Would definitely consider older and I'm definitely not good enough a rider for anything flashy. I quite enjoy having lessons (usually flat but very occasionally over teeny tiny jumps) and hacking so if I can do those things I'll be more than happy. If I can get to do some extra bits like low level dressage, polework clinics or fun rides too then bonus.


----------



## SusieT (20 December 2020)

What I would say is budget sensibly for what this horse will cost you over the next ten years?
And also consider if the horse went lame the day/month/year after you got it would you be happy this is what you spent the money on?


----------



## shamrock2021 (20 December 2020)

I was lucky to have to get my first horse for £2500 . I didn’t have a big budget  I couldn’t go over £3000 . I was lucky to find a amazing horse that is perfect in every way. Unfortunately I now people won’t agree with me on this fourm . I do think good cheap horses are out there . I generally don’t think you need a massive budget to buy a good first horse. I now plenty of people who bought  first horses for cheap and they are completely safe.


----------



## shortstuff99 (20 December 2020)

You could easily get a nice cob for that budget, especially if you go slightly older.

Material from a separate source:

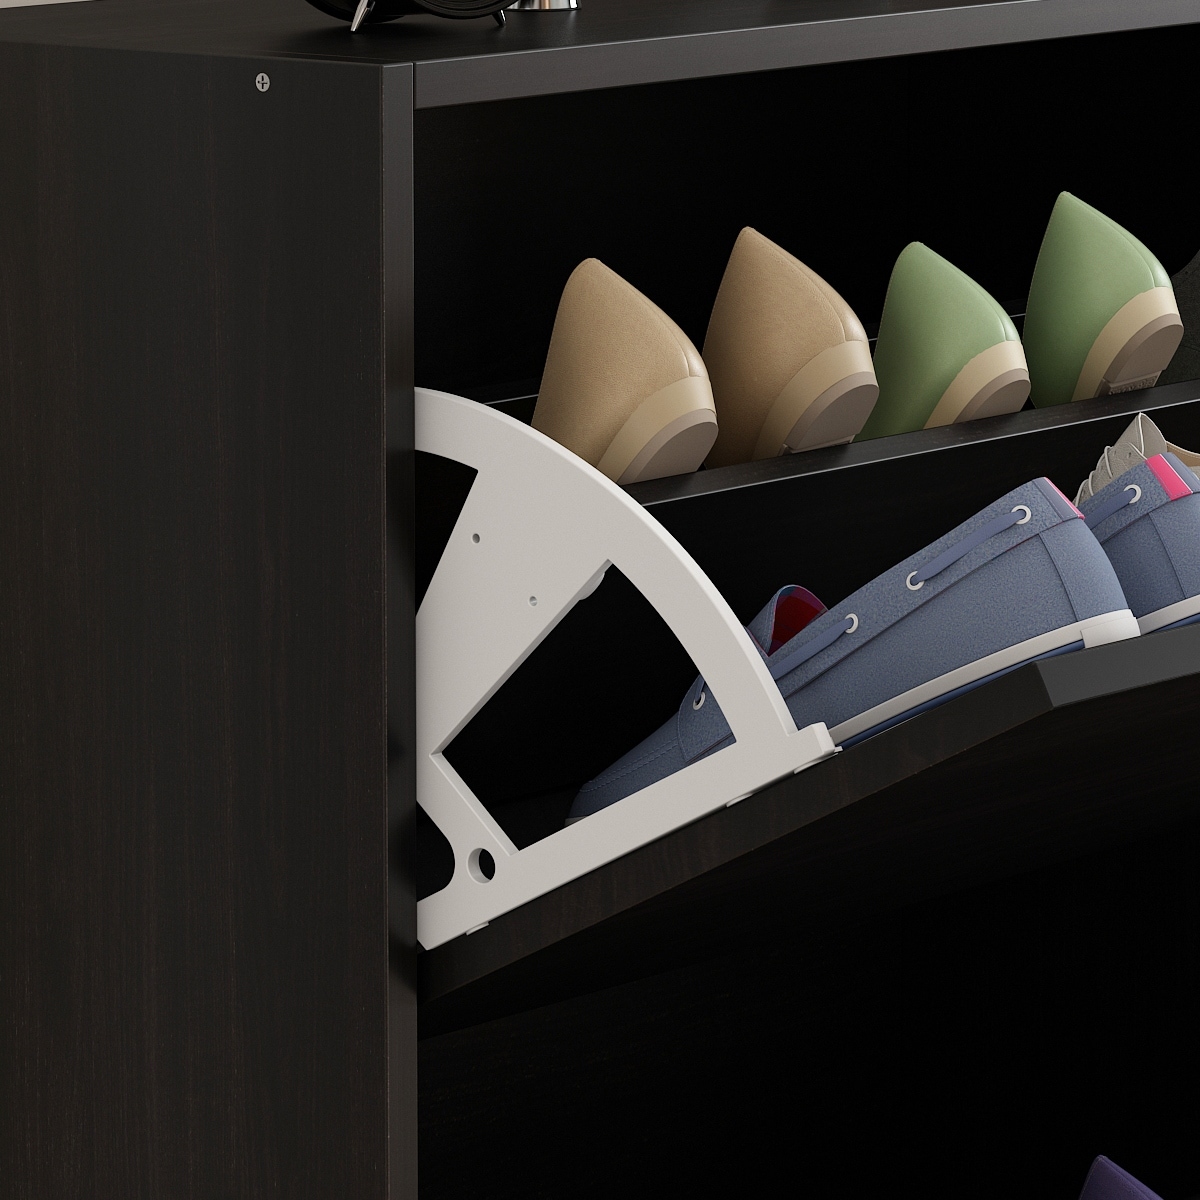 Portable Shoe Rack Organizer 66-72 Pair Tower Shelf Storage Cabinet -  12-tiers - Bed Bath & Beyond - 35474849
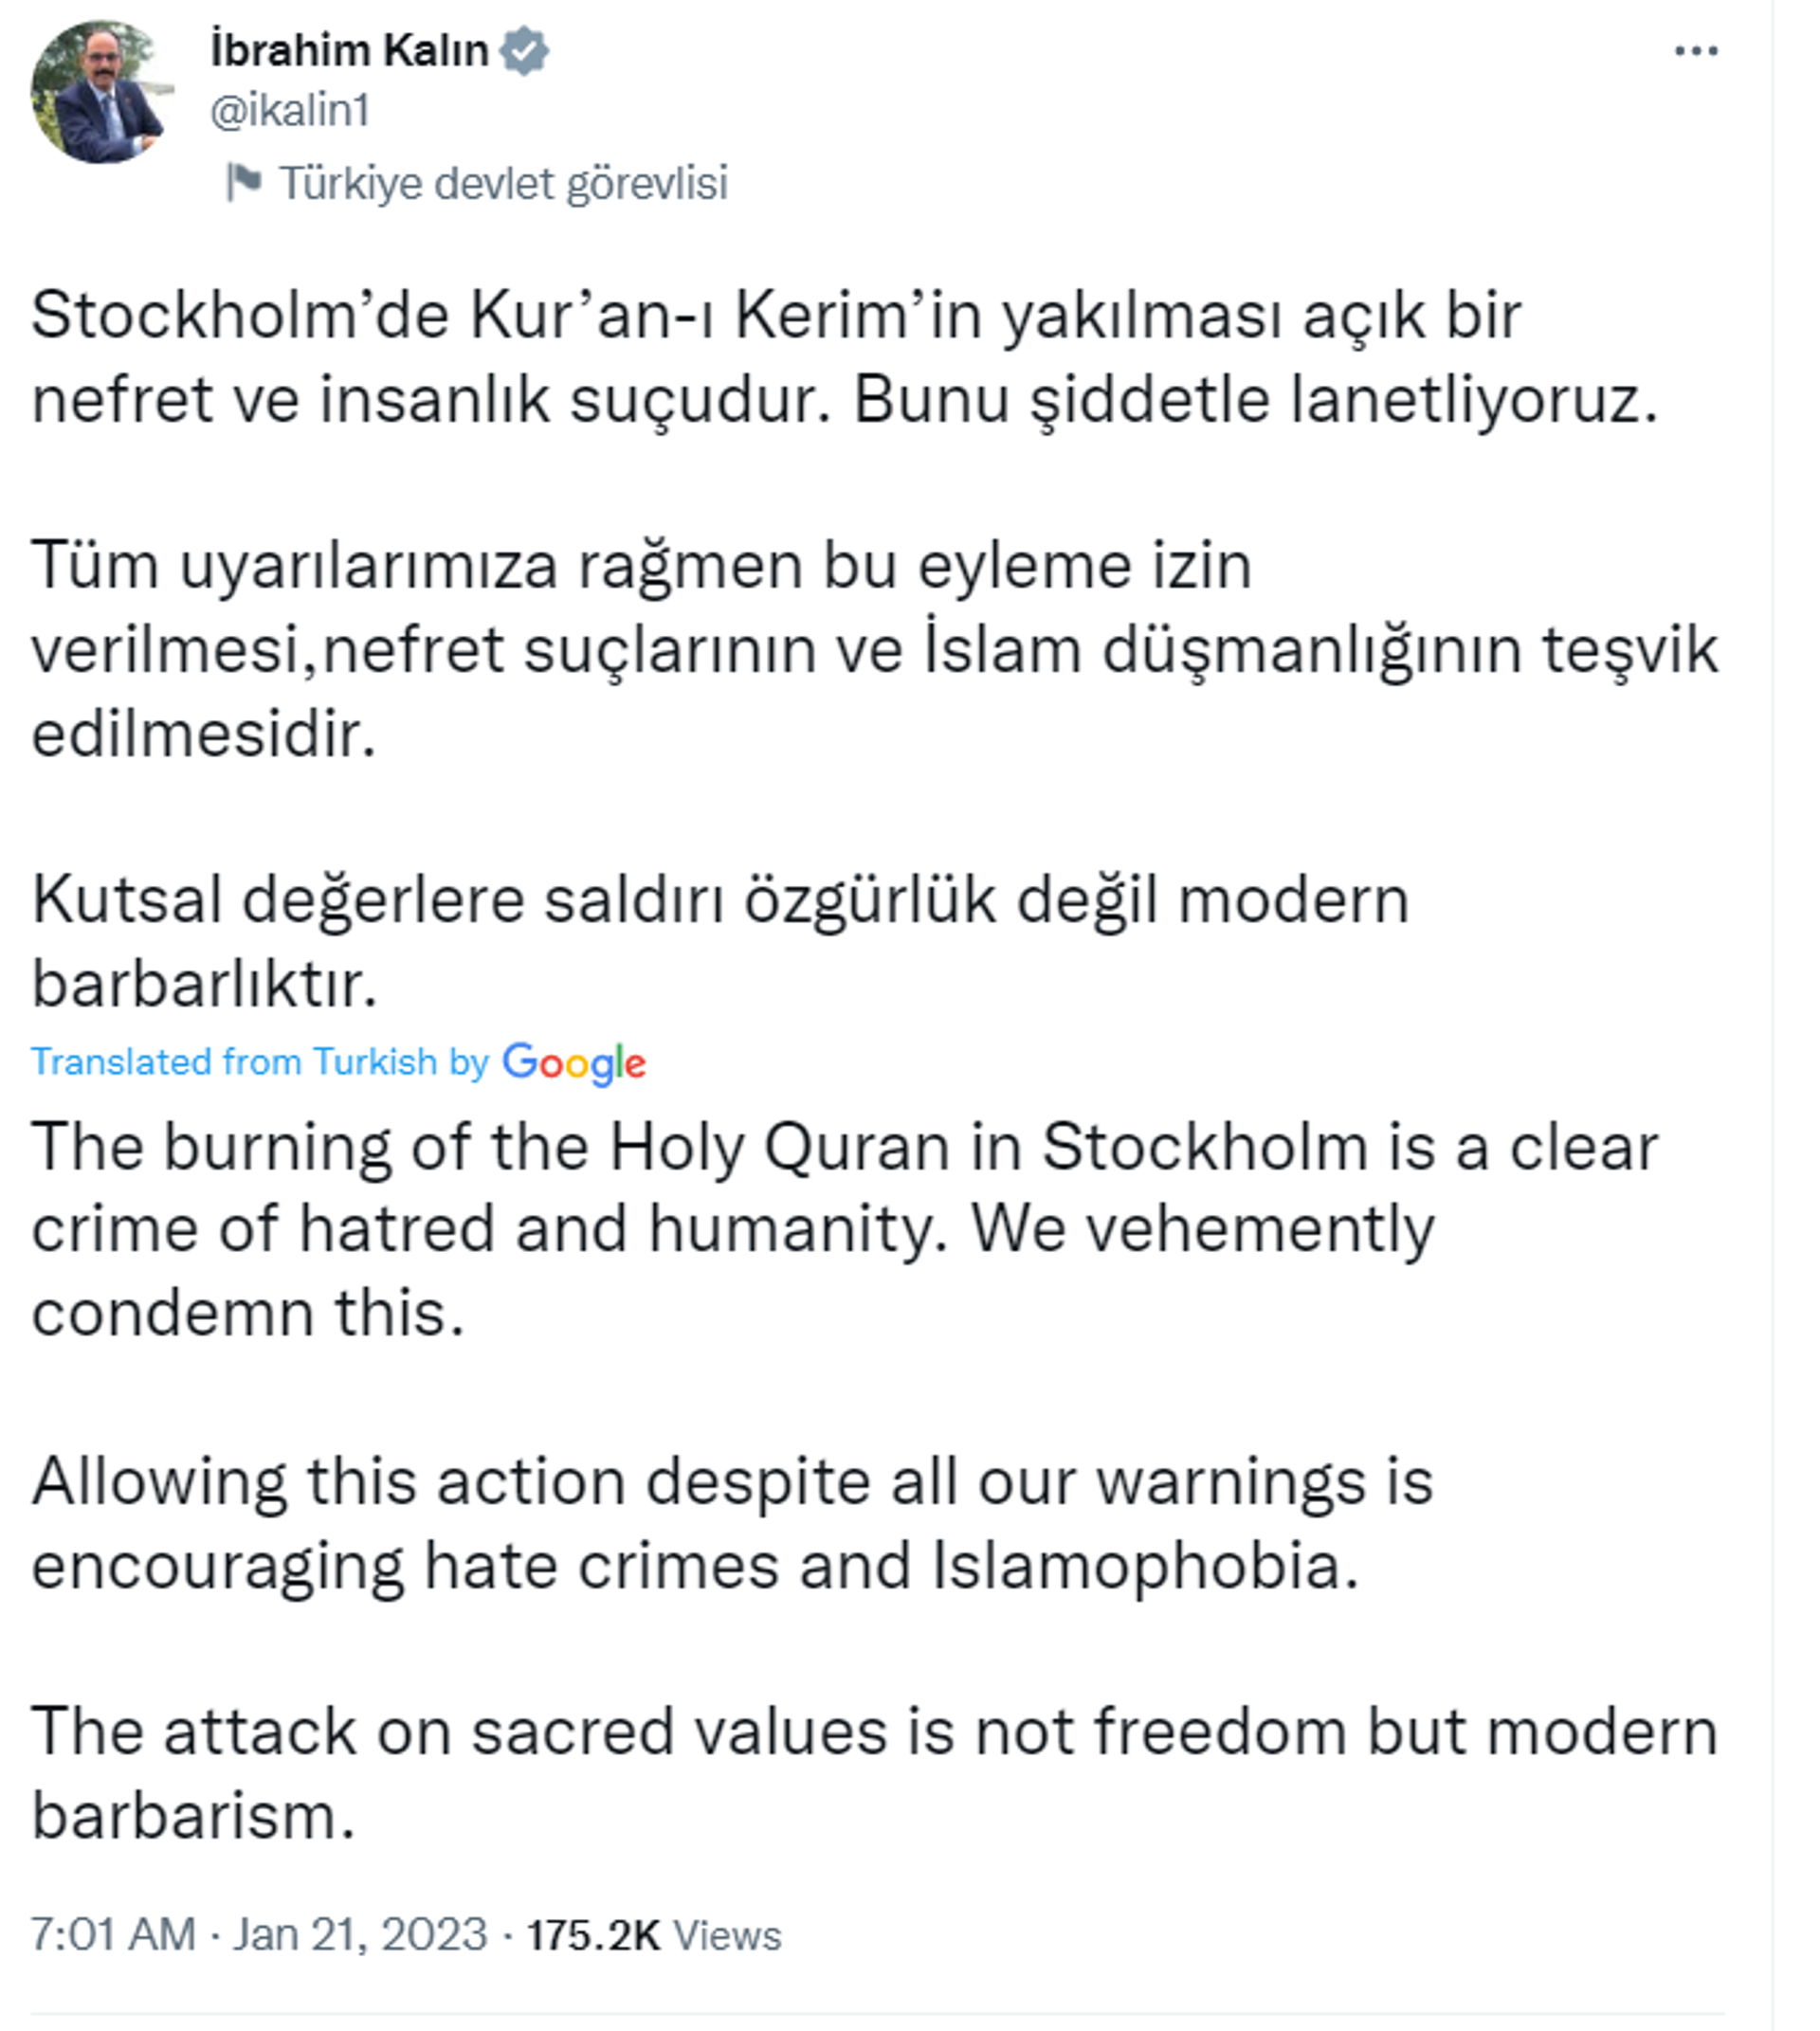 Screenshot of Twitter account of Ibrahim Kalın, Turkish President Recep Tayyip Erdogan’s spokesperson. - Sputnik International, 1920, 21.01.2023

Good luck


----------



## mossycup (20 December 2020)

5-7.5k for a nice all round horse that is a nice person to be around. Remember you'll need budget for vetting/transport/possible strangles testing depending on your chosen yards policy/tack and rugs on top of the purchase price


----------



## noradavies (20 December 2020)

lex the raindeer said:



			I was lucky to have to get my first horse for £2500 . I didn’t have a big budget  I couldn’t go over £3000 . I was lucky to find a amazing horse that is perfect in every way. Unfortunately I now people won’t agree with me on this fourm . I do think good cheap horses are out there . I generally don’t think you need a massive budget to buy a good first horse. I now plenty of people who bought  first horses for cheap and they are completely safe.
		
Click to expand...

Exactly! My horse was bought for €3000 and she is absolutely amazing!


----------



## milliepops (21 December 2020)

Well all my horses were under a fiver 🙄 but you increase the risk of taking on a problem with a cheap horse,  the OP is wise to allocate a good budget for a first horse in order to give herself plenty of choice to find a great match. Horse ownership is stressful enough, if you're able to shop around then you have a better chance of finding a lovely horsey partner who knows the job and  makes the experience more enjoyable


----------



## Rumtytum (21 December 2020)

Ref. falling off - ouch!  No advice regarding budgets sorry, just wanted to say one of my must haves if I was buying would be a horse who loves being groomed and massaged because I enjoy it as much as riding 😊.  Good luck!


----------



## SaddlePsych'D (21 December 2020)

milliepops said:



			Well all my horses were under a fiver 🙄 but you increase the risk of taking on a problem with a cheap horse,  the OP is wise to allocate a good budget for a first horse in order to give herself plenty of choice to find a great match. Horse ownership is stressful enough, if you're able to shop around then you have a better chance of finding a lovely horsey partner who knows the job and  makes the experience more enjoyable  

Click to expand...

I expect there are some good deals out there, particularly for people with the experience/skills/resources to take on potential extra risk if things don't go to plan. For me I tend to think of 'cheap horse' as a bit of an oxymoron so want to budget accordingly 

I know spending more is obviously no guarantee but, although I'm not looking for a competition horse, the sort of horse I want I suspect is the sort that would be desirable to lots of people who ride for fun - so doesn't necessarily make sense that they'd be sold off cheaply (if I ever get my hands on one I don't think I'd want to let it go!)



SusieT said:



			What I would say is budget sensibly for what this horse will cost you over the next ten years?
And also consider if the horse went lame the day/month/year after you got it would you be happy this is what you spent the money on?
		
Click to expand...

This is a good point, I need to consider the ongoing costs and factor in some kind of buffer in case of things insurance wouldn't cover. I think there's a thread on here somewhere of people sharing their monthly outgoings which I need to look up again. With my current job (and then when I am qualified stepping up another banding) I think it's very much do-able.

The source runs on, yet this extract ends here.